The DHS Program User Forum
Discussions regarding The DHS Program data and results
Home » Data » Dataset use in Stata » Strange Issues w/ Data Formatting from DHS (Data received from DHS seems to be formatted in a way that makes data extraction impossible (longer description below))
Strange Issues w/ Data Formatting from DHS [message #29033] Sat, 13 April 2024 08:17 Go to previous message
tednoel is currently offline  tednoel
Messages: 12
Registered: April 2024
Member
Hi all, I hope this message finds everyone in good health. I am currently a Master's student in my final semester. I am using DHS data for my thesis. In the interest of simplicity, I will break down the multifaceted problem I am having below. I hope someone might be able to find the time to help me with this strange issue.

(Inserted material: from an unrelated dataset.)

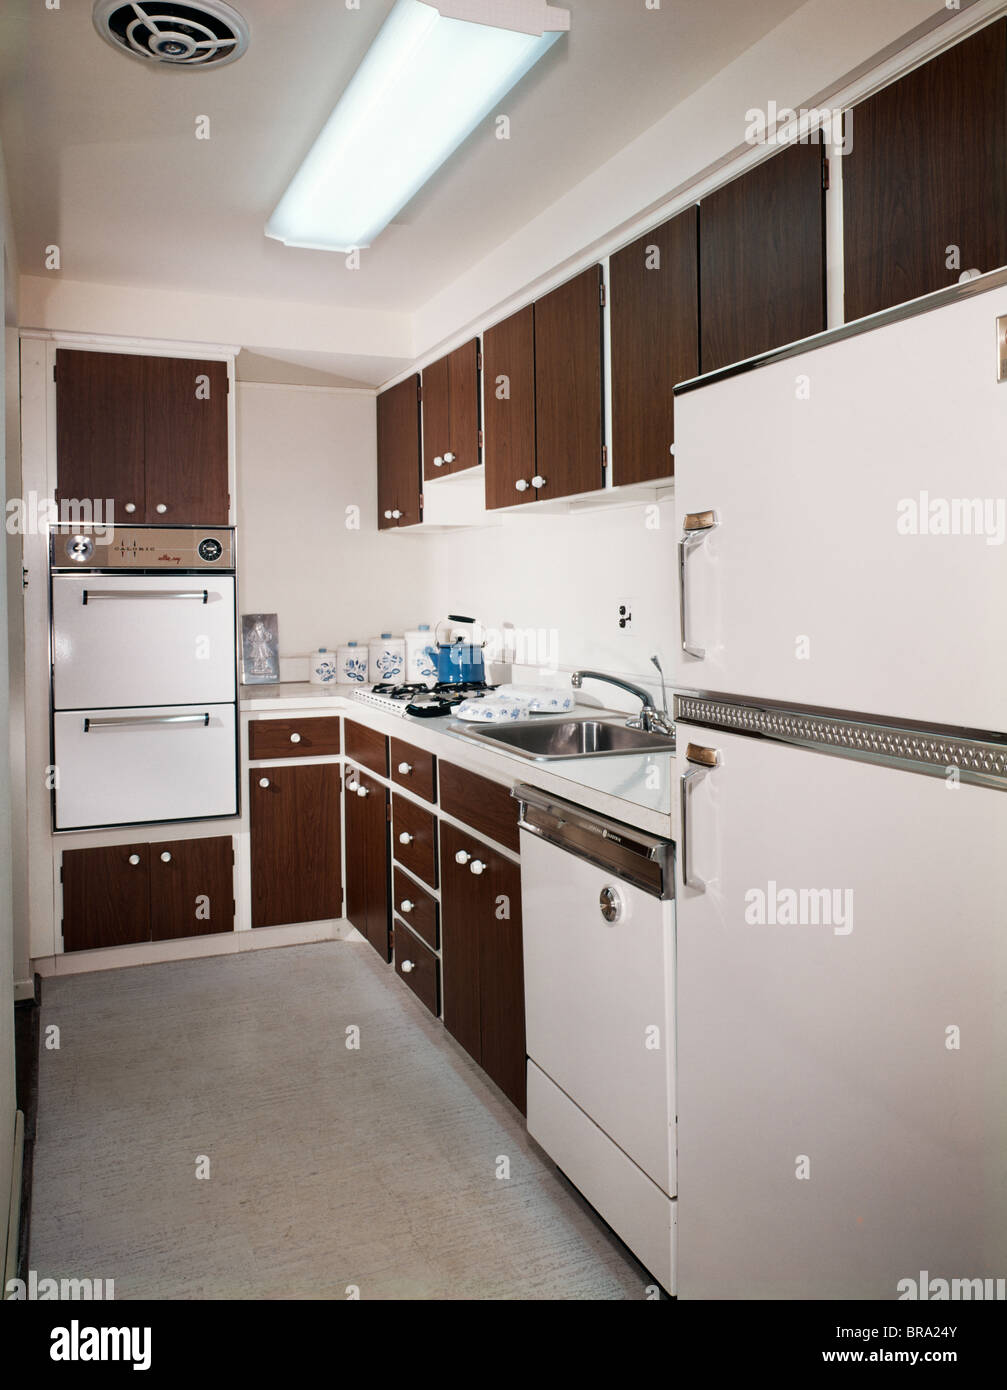 1970s NARROW GALLEY STYLE KITCHEN WITH DARK WOODEN CABINETS AND WHITE APPLIANCES Stock Photo

Objective: I created an account with DHS and downloaded the data. The goal with the data downloaded is to disaggregate countries into survey "round" (year of survey) and a handful of variables from that round so that I can then merge each respective round with its' shape file (since these change across time for each country). This is important because I will need to merge data via geographic coordinates for my thesis, which is exploring the impact of environmental variables (ex. precipitation rate) on the propensity of marriage under the age of 18 across Sub-Saharan Africa.

Problem: I bulk downloaded survey and geographic data for every African countries where this was available. I decided to start working with one country only so that I could clear any issues with the code before replicating the process for the rest of the countries. To simplify the process, I grouped the bulk downloaded data into its' respective countries and tried to import batches to STATA to work with. The problem begins with the first country I attempted to work with, Tanzania. While I was able to unzip all the files in STATA, this was the furthest I was able to get because what ensued was a bizarre game of smoke and mirrors with the files. For efficiency, I have listed the most major problems below:
1. In the expanded and unzipped files, sometimes I would see a file that does not have a .dta listed, yet, when I would manually go into this file through my Finder just to double check, there would be a .dta file.

/index.php?t=getfile&id=2276&private=0
/index.php?t=getfile&id=2275&private=0

2. There are also situations where an expanded/unzipped file would list its' contents as including a dofile, and when I would go through my Finder to manually ensure that this was there, there would be nothing within the contents of the file.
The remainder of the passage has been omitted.